Australian Dollar

Expected Range 0.6920 – 0.7020

Demand for the Australian dollar was bolstered intraday yesterday following a trade report from China which showed exports grew by 2.3 percent during December, well up from the forecasted decline of 4.1 percent. Marking the largest increase since February 2015, imports shrunk by 4 percent, a number also which comfortably surpassed expectation. Enough to lift the Australian dollar to a high of 0.7048 when valued against its US Counterpart, the Aussie’s run up above the 70 US Cents mark has once again proven to be short-lived. Given a large chunk of negative sentiment has been flushed out this week, Chinese authorities still maintain a significant amount of influence given the reactions elsewhere to currency adjustments and policy changes.
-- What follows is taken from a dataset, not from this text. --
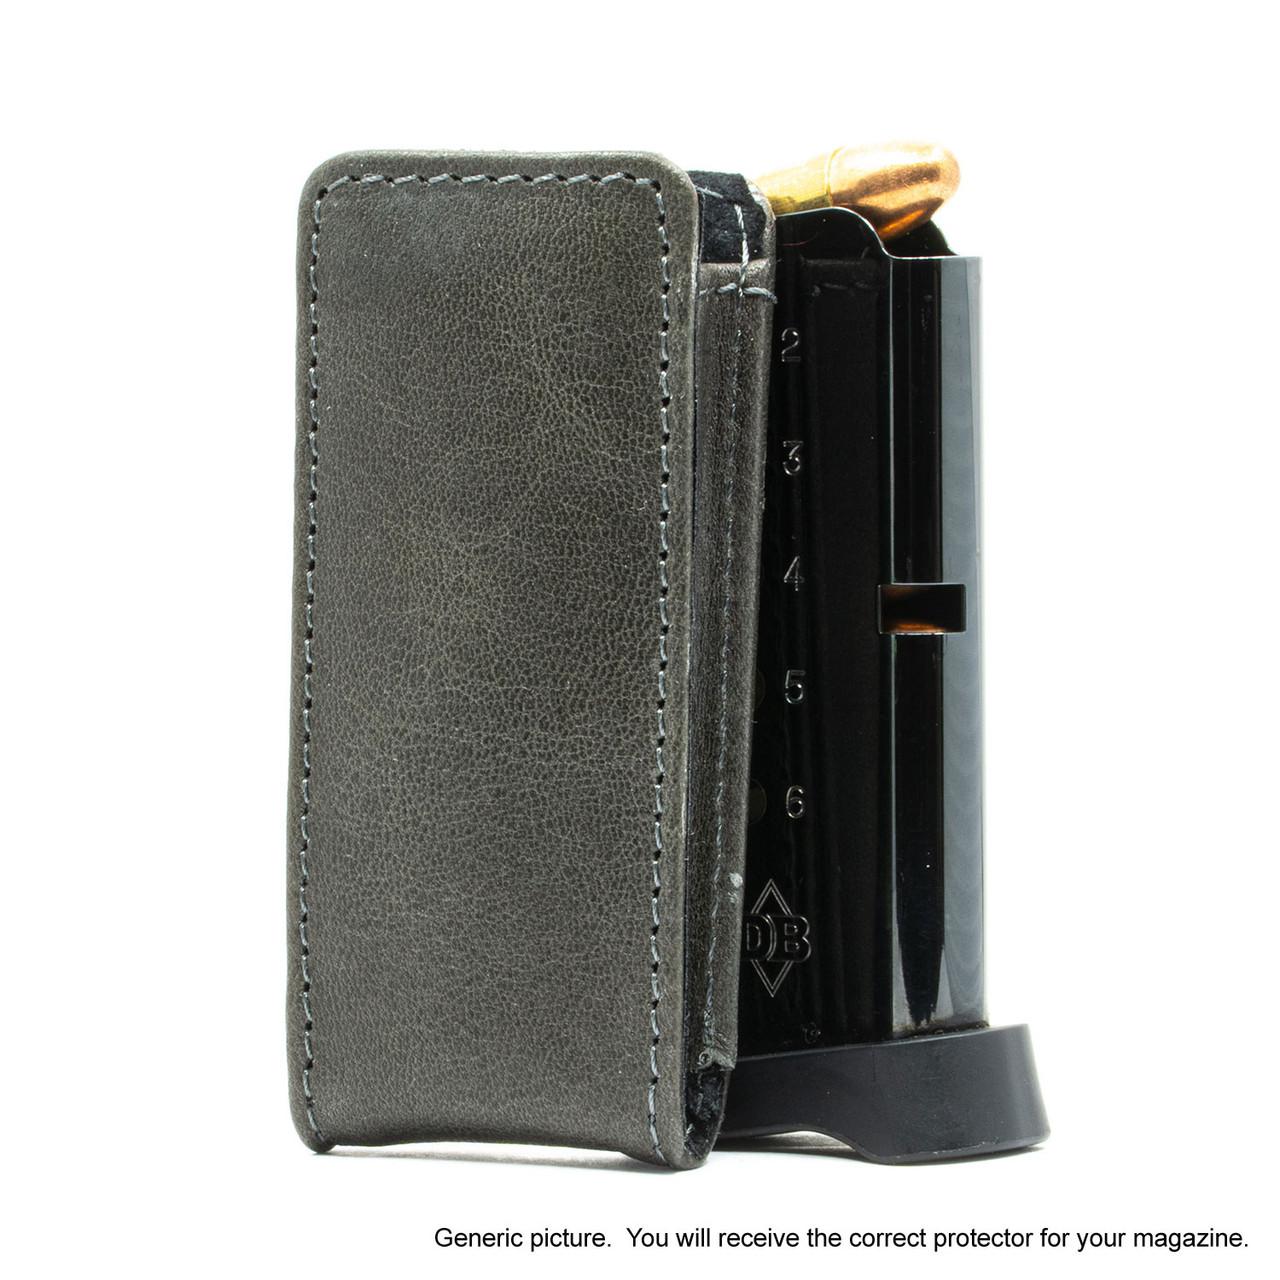 CZ 75 P07 Black Freedom Magazine Pocket Protector

Opening marginally lower this morning the Aussie currently buys 69.60 US Cents.

New Zealand Dollar

Expected Range 0.6490 – 0.6560

Having rallied to an overnight high of 0.6590 when valued against its US Counterpart following improved data flows from China, the New Zealand dollar’s brief recovery faded off the back of a disappointing session within the United States. Maintaining their risk-off preference, investors have once again pushed equities lower and treasuries higher with the price of crude struggling to maintain its value up above the critical $US30 per barrel mark. With markets stabilising over the past few sessions, some traction has been in made in the wake of efforts to minimalize the chaos triggered by equity and currency interventions. Opening steady this morning the New Zealand dollar currently trades at a rate of 0.6527.

Great British Pound

Expected Range 2.0700 – 2.0810

The Great British Pounds
value has stabilised over the past 24 hours ahead of this evenings Bank of
England Monetary Policy decision. In the wake of the significant volatilities
experienced already this year, those violent price swings have flowed through to
diminished growth expectations, lower forecasts which could plague the efforts of
policy makers wanting the accelerate the push towards tighter monetary settings.
With investors adopting a wait and see approach, downside targets of 1.4370
remain important support for the Sterling when valued against its US
Counterpart. In what’s been a quieter 24 hour window the Great British Pound
opens lower steady against the Greenback (1.4444), lower versus the Kiwi (2.2125)
whilst stronger versus the Aussie (2.0755)

Majors

Expected Range N/A

Emerging market stocks rallied on Wednesday after China’s total trade balance fell far less than expected in December. Returning to markets for the first time in days, investors have remained selective following two weeks of selling, albeit somewhat buoyed by the lack of daily intervention carried out in China over the past three sessions. With many emerging market currencies recovering, the shift into other major growth linked units has been sluggish. In commentary delivered by the US Federal Reserve yesterday, district members described business activity nationwide as modest with sentiment overall still positive. On the whole supporting the four interest rate hikes previously promised, this outcome remains heavily dependent on data flows and more so inflation which still sits a long way from the Fed’s two percent objective. Overcoming the daily nerves which now surround China’s yuan fix, investors look towards an important labour market report in Australia followed by an interest rate decision in the UK.